Neste cenário, as metodologias ativas surgem como o veículo operacional para a interdisciplinaridade. Moran (2017) define essas estratégias como processos de aprendizagem em que os alunos participam ativamente de todas as etapas, desde o diagnóstico de problemas até a proposição de soluções, utilizando a pesquisa como princípio educativo.

Uma das estratégias mais eficazes citadas por Bender (2019) é a Aprendizagem Baseada em Projetos (ABP). Na ABP, os estudantes trabalham em problemas do mundo real que, por natureza, são interdisciplinares. Para resolver um desafio ambiental, por exemplo, o aluno deve mobilizar saberes de biologia, geografia, matemática e redação de forma orgânica.

Segundo Valente (2018), essa técnica permite que o tempo em sala seja otimizado para discussões profundas e atividades práticas interdisciplinares, enquanto a absorção teórica inicial ocorre de forma individualizada e autônoma pelo estudante.

A Gamificação também ganha destaque como prática inovadora. Fardo (2017) ressalta que utilizar elementos de jogos na educação não significa apenas "brincar", mas aplicar mecânicas que estimulam o engajamento, a resiliência e a colaboração, habilidades essenciais para o trabalho interdisciplinar em grupos.

No entanto, a implementação dessas práticas exige o que Almeida e Valente (2018) chamam de "fluência tecnológico-pedagógica" do docente. Não basta ao professor saber manusear ferramentas; ele precisa compreender como as tecnologias podem potencializar a integração entre as matérias e facilitar o registro do progresso do aluno.

A avaliação da aprendizagem também precisa ser ressignificada. Luckesi (2018), em suas reflexões recentes, critica a avaliação meramente punitiva ou classificatória. No modelo de metodologias ativas, a avaliação deve ser formativa e contínua, focando no processo de descoberta e na capacidade do aluno de articular diferentes saberes para resolver situações-problema.

Cortella (2017) contribui para este debate ao lembrar que a escola é um lugar de "parto de ideias". Para o autor, a prática inovadora deve combater a alienação, garantindo que o conhecimento interdisciplinar sirva como ferramenta de cidadania e de compreensão ética do mundo, e não apenas para o acúmulo de informações.

A relação entre interdisciplinaridade e metodologias ativas também é explorada por Borges e Alencar (2018), que destacam o Ensino Híbrido (Blended Learning). Para os autores, a mistura entre o ensino presencial e o on-line permite uma personalização que respeita o ritmo de cada aluno, facilitando a abordagem de temas transversais complexos.

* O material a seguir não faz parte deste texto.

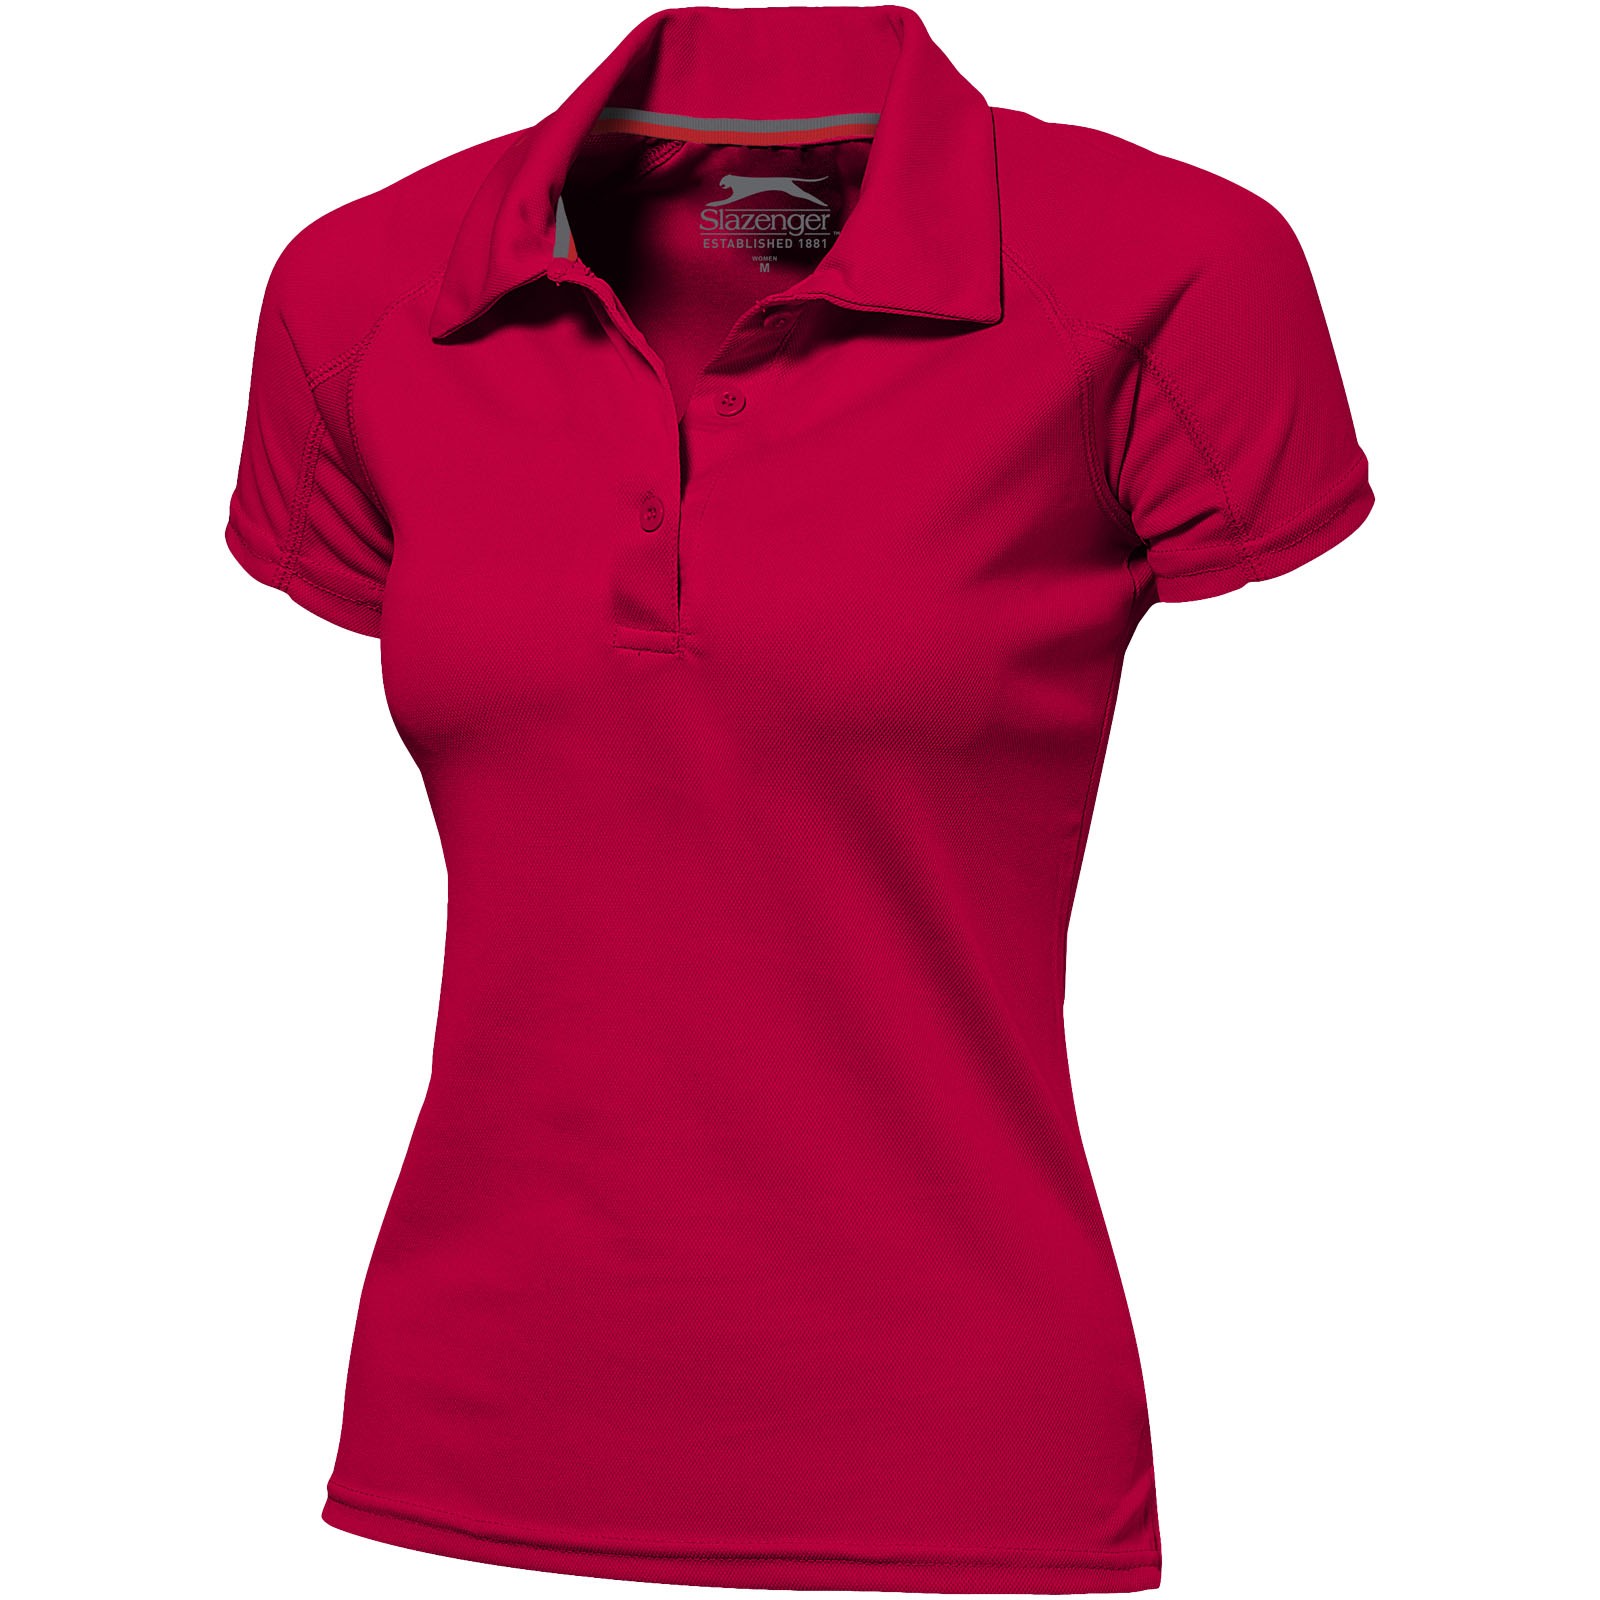 Game short sleeve women's cool fit polo - Red / S

Sobre a formação de professores, Nóvoa (2019), cujas ideias são amplamente aplicadas no Brasil, defende que a inovação pedagógica nasce da colaboração entre pares. A interdisciplinaridade só se concretiza quando os professores de diferentes áreas planejam juntos, quebrando a solidão pedagógica que impera no modelo tradicional.

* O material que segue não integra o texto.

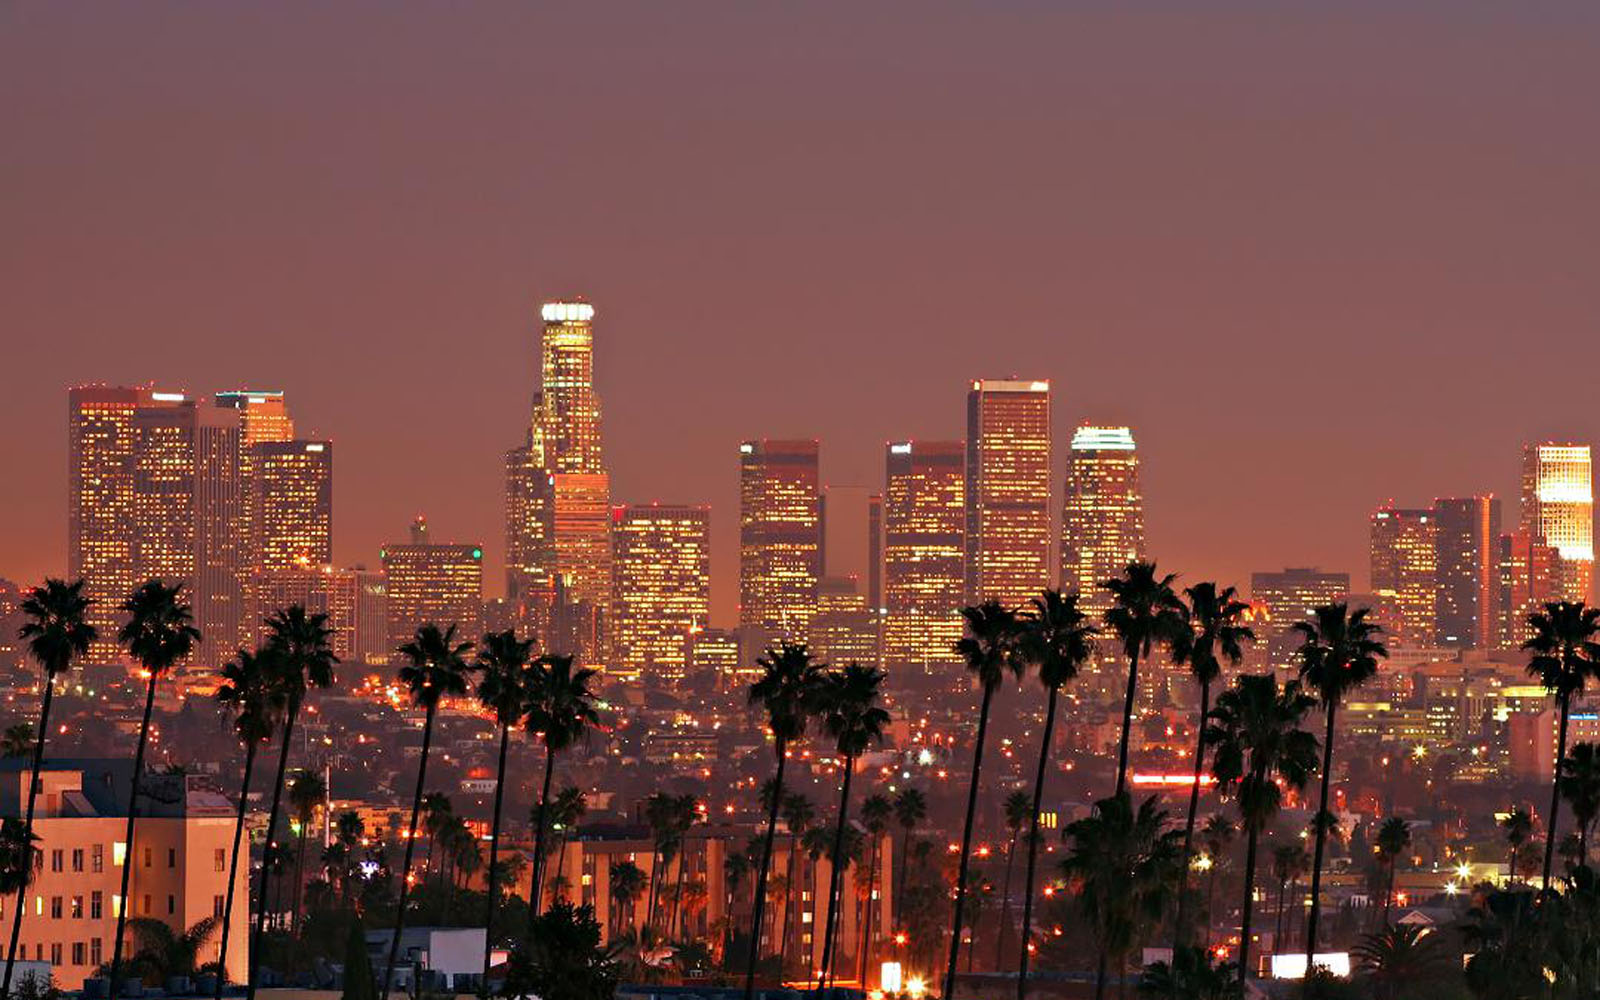 Los Angeles14 - Good Pictures Of Los Angeles - HD Wallpaper

Pinto e Oliveira (2020) enfatizam que a Educação Básica brasileira ainda sofre com a carência de infraestrutura em muitas regiões. Entretanto, os autores argumentam que as metodologias ativas podem ser aplicadas mesmo com poucos recursos digitais, focando no pensamento crítico e no uso de materiais recicláveis ou na pesquisa de campo local.

A questão da inclusão também é central nas práticas inovadoras. Mantoan (2017) discute como a interdisciplinaridade favorece a educação inclusiva, pois ao oferecer múltiplos caminhos e linguagens para o aprendizado, a escola consegue abraçar as diferentes formas de aprender de cada estudante, sem exclusões.

Lévy (2019), em suas conferências no Brasil, reforça que o papel do professor mudou de "transmissor" para "animador da inteligência coletiva". Em um projeto interdisciplinar ativo, o docente orquestra os talentos individuais dos alunos para que o resultado do grupo seja maior que a soma das partes.

A Base Nacional Comum Curricular também introduziu a "Educação Digital" como uma das competências gerais. Cury (2018) adverte que essa educação digital deve vir acompanhada da gestão das emoções. Práticas inovadoras devem, portanto, cuidar da saúde mental dos alunos, promovendo um ambiente de segurança para o erro e a experimentação.

A interdisciplinaridade por meio de metodologias ativas também combate o desinteresse e a evasão escolar. Segundo pesquisas de Filatro e Cavalcanti (2018), alunos envolvidos em projetos práticos e significativos sentem-se mais motivados a frequentar a escola, pois percebem a conexão direta entre o que estudam e seus projetos de vida.

O conceito de Design Thinking na educação, explorado por Cavalcanti (2018), oferece um roteiro para a inovação. Ao passar pelas fases de empatia, definição, ideação, prototipagem e teste, os alunos aplicam conhecimentos de diversas áreas para criar soluções reais para problemas da comunidade escolar.

Ribeiro (2019) destaca a importância do letramento científico dentro desse contexto. As metodologias ativas permitem que o aluno "faça ciência" desde os anos iniciais, utilizando o método científico de forma interdisciplinar para investigar fenômenos do seu cotidiano, desenvolvendo o rigor intelectual e a curiosidade.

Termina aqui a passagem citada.